▶ What the task asks
What you return should be the complete listing, unchanged, with no pictures in it.

▶ Excerpted data
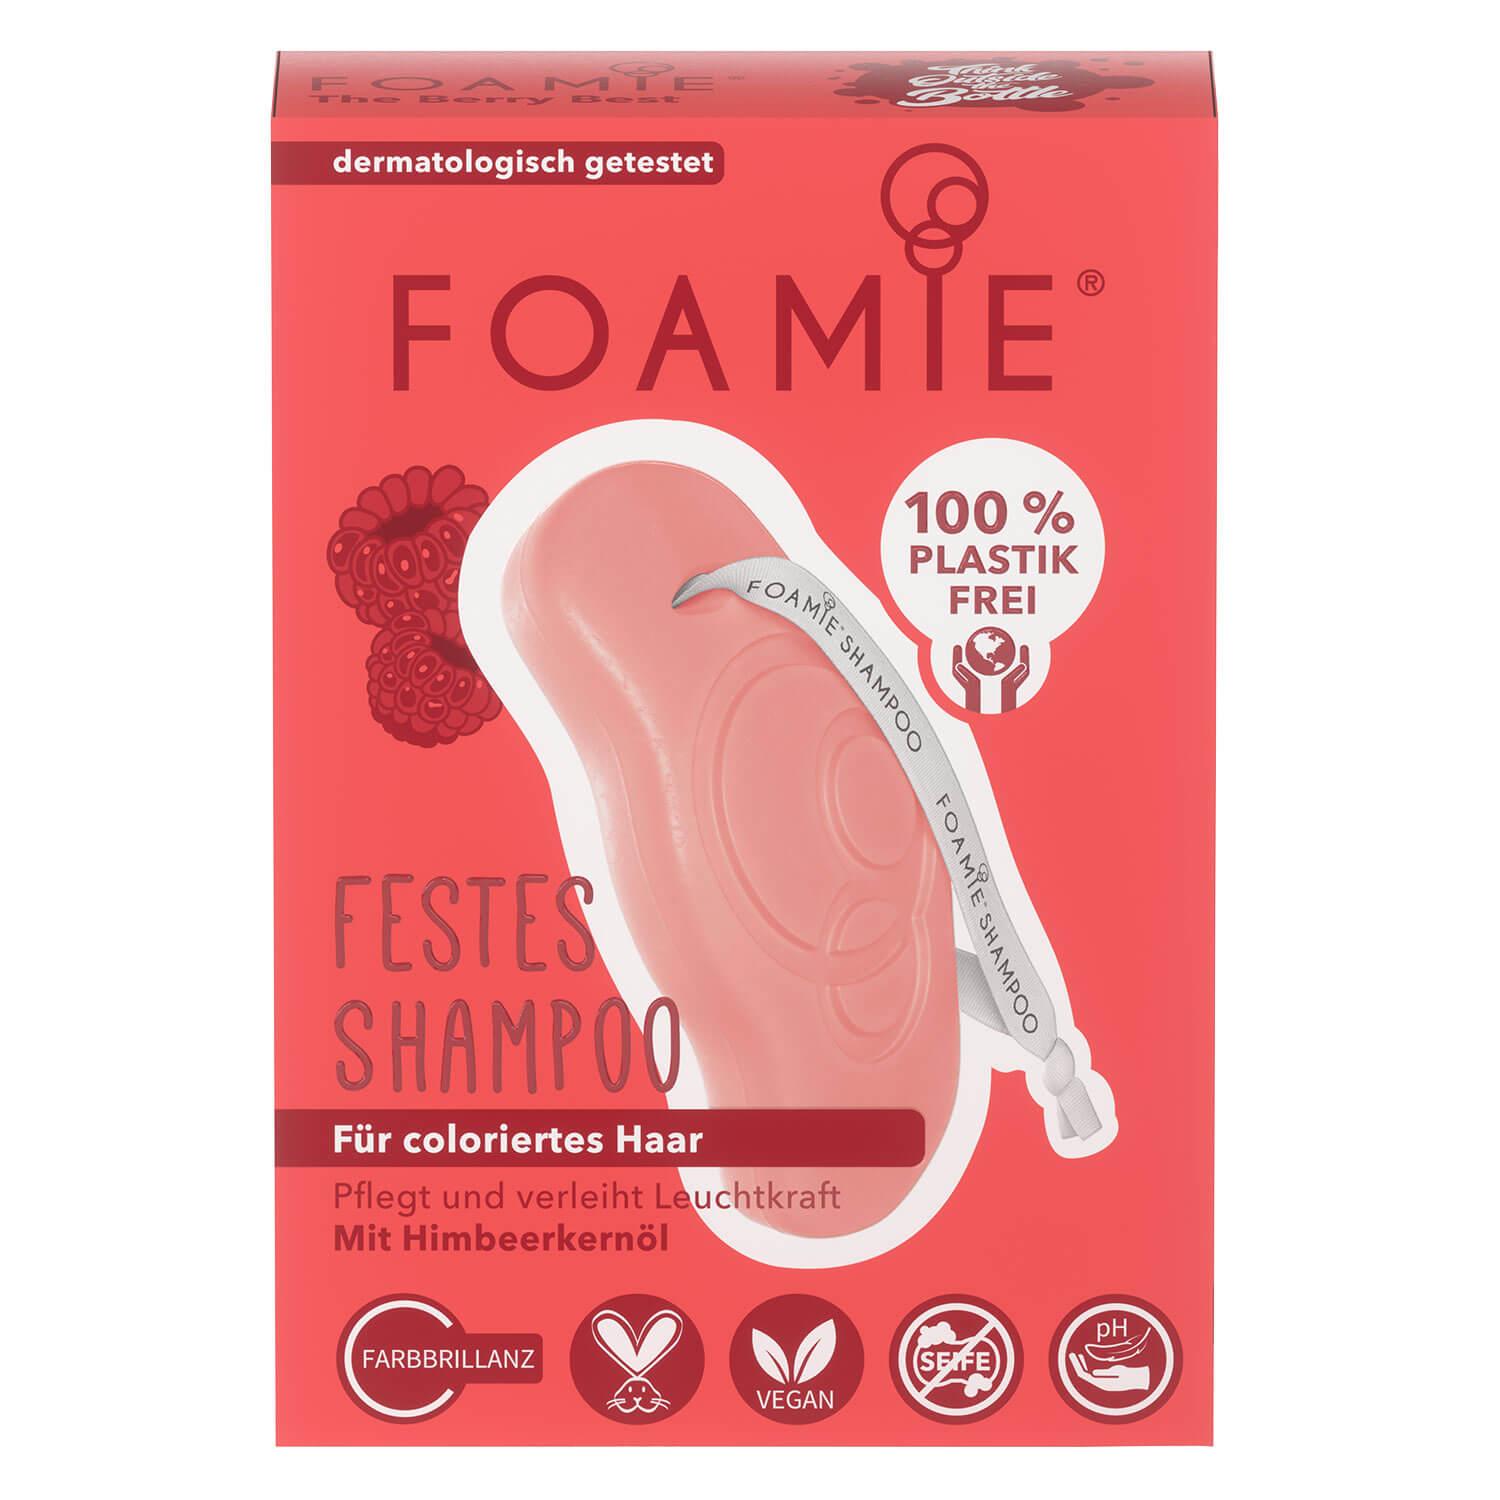 Foamie - Festes Shampoo The Berry Best
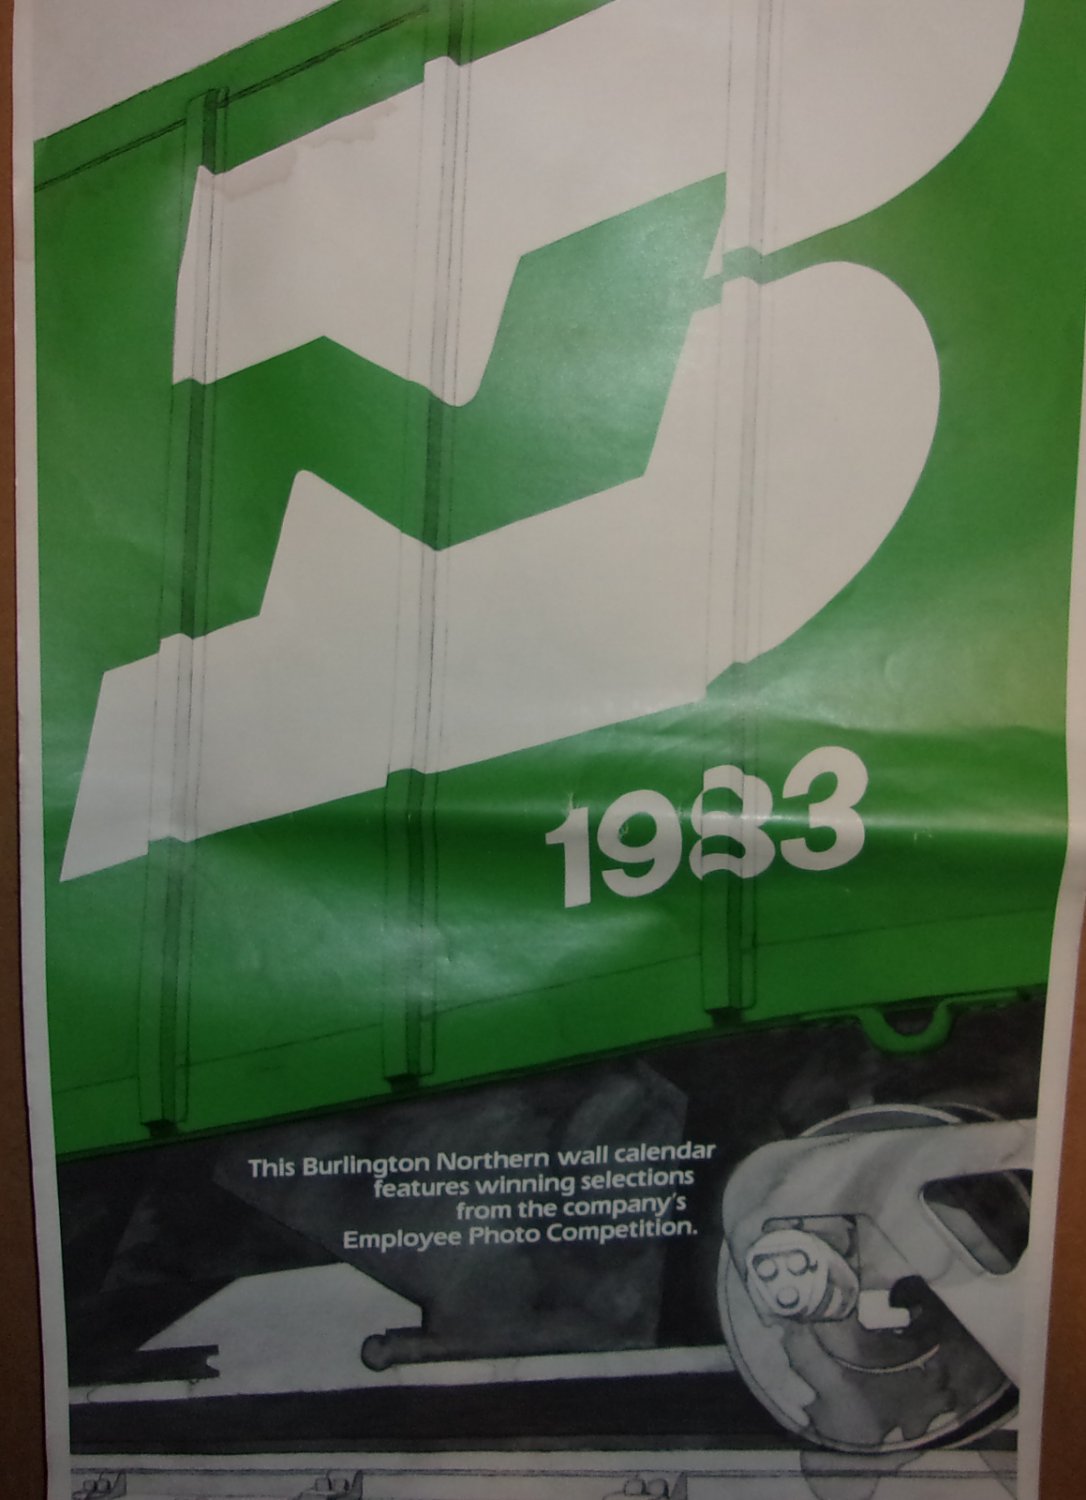 Burlington Northern Wall Calendar 1983 features winning selections
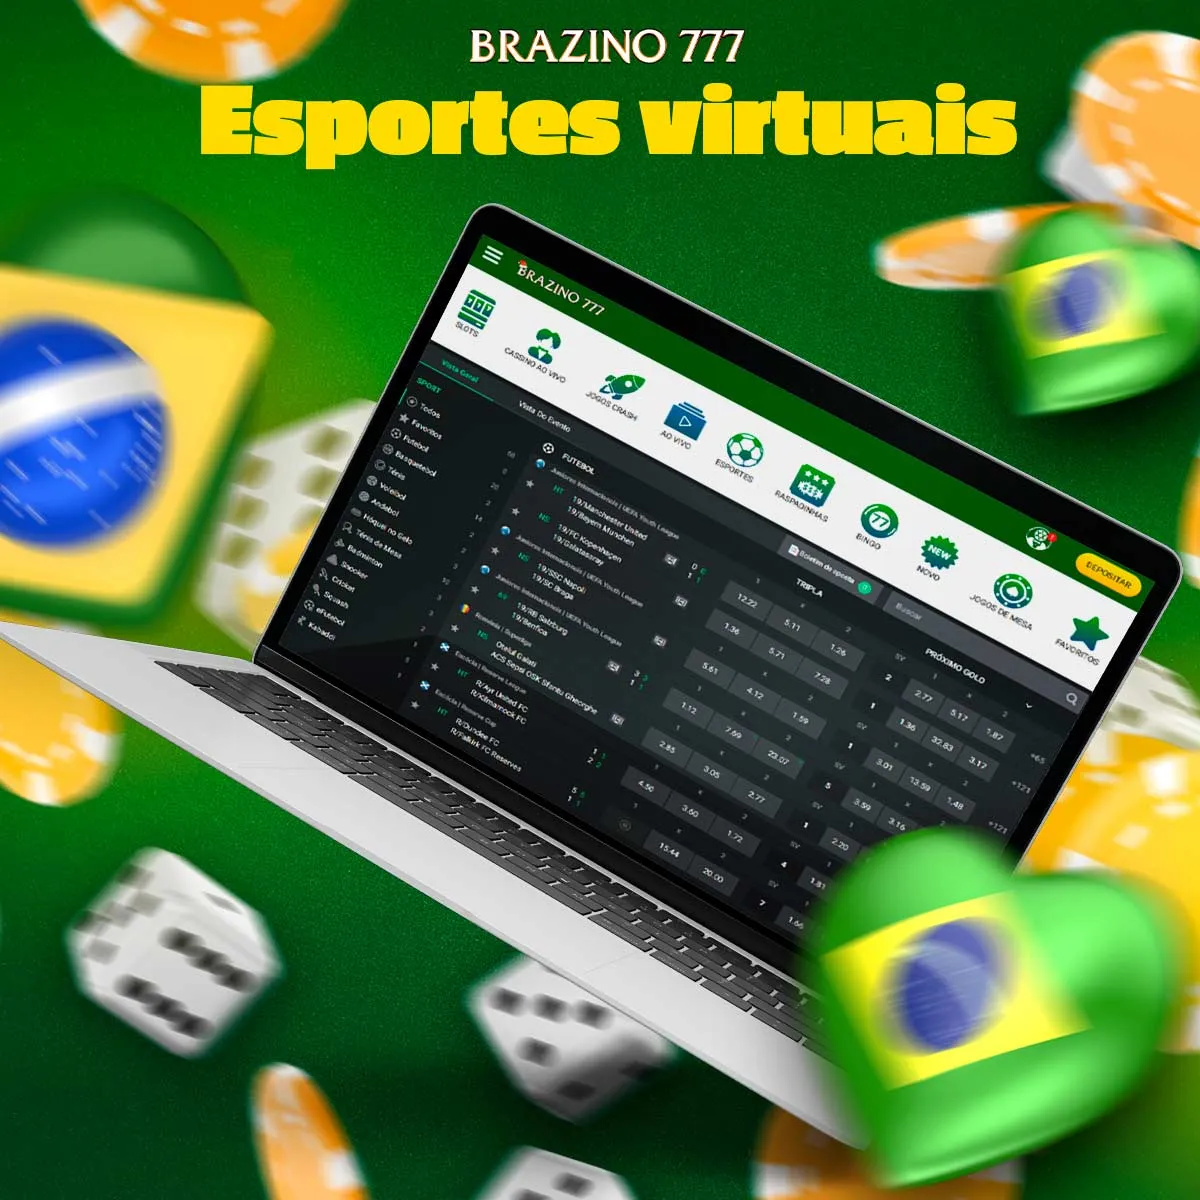 esportes virtuais Brazino777
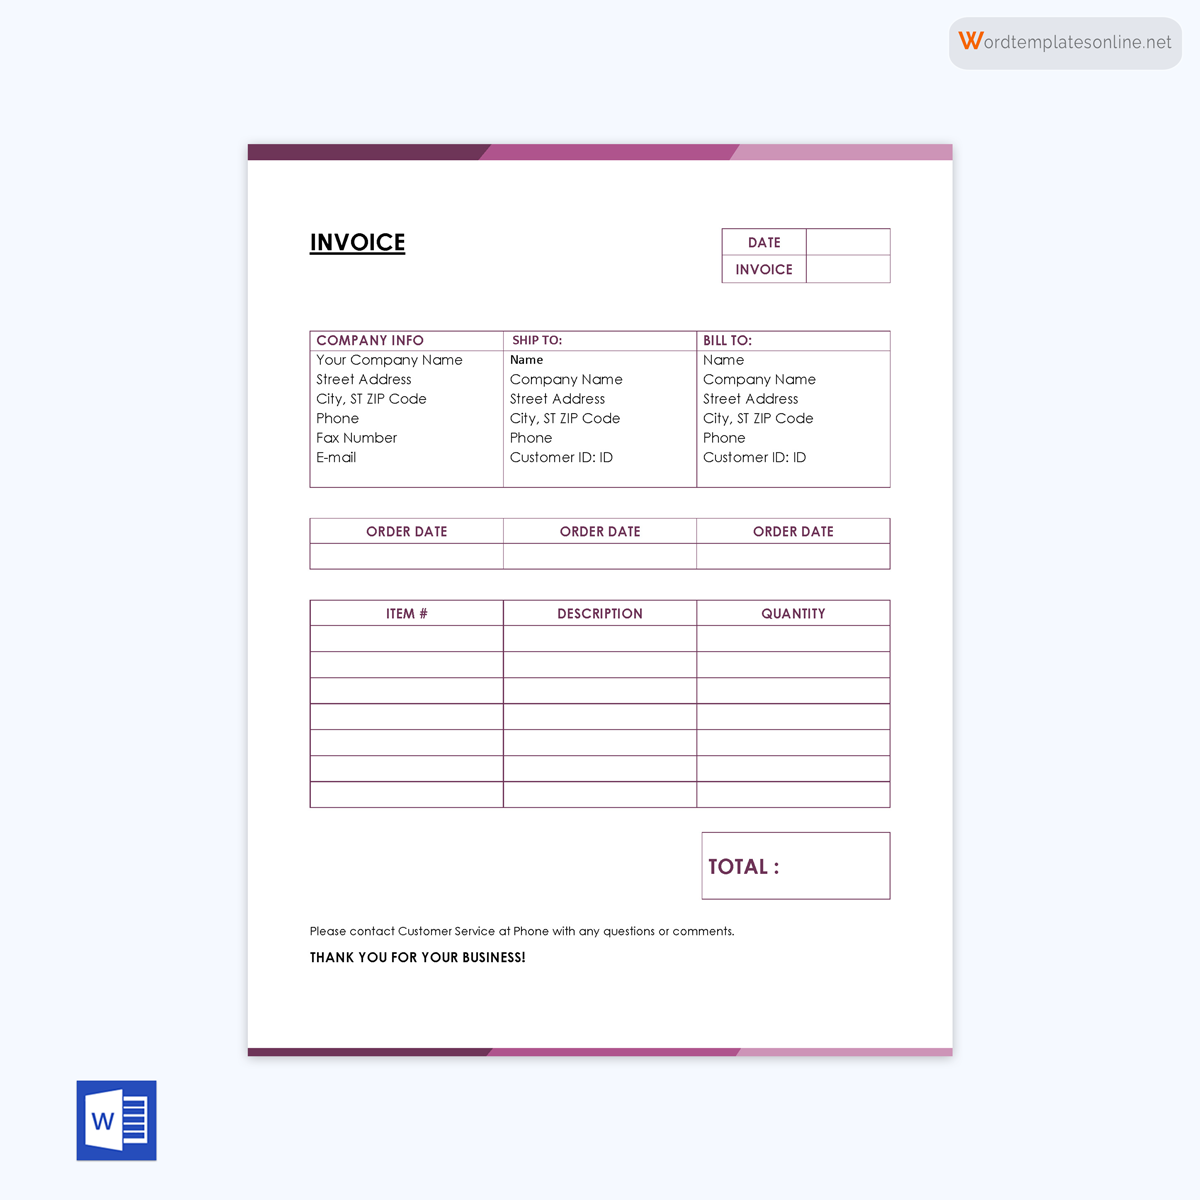 40 Free Blank Invoice Templates (Excel | Word) - Edit & Print
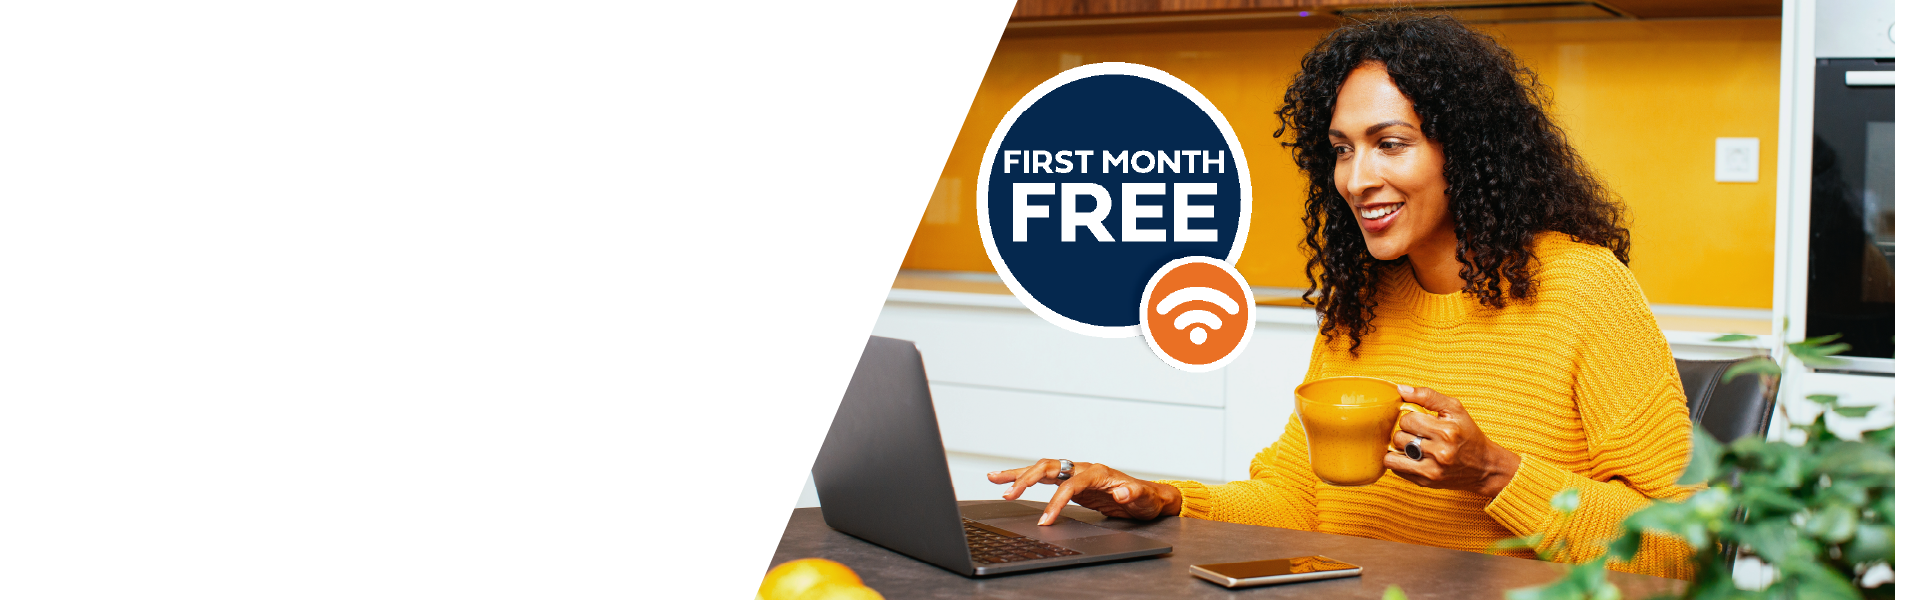 Free First Month Internet

▶ Exercise output
 Foamie - Festes Shampoo The Berry Best
 Burlington Northern Wall Calendar 1983 features winning selections
 esportes virtuais Brazino777
 40 Free Blank Invoice Templates (Excel | Word) - Edit & Print
 Free First Month Internet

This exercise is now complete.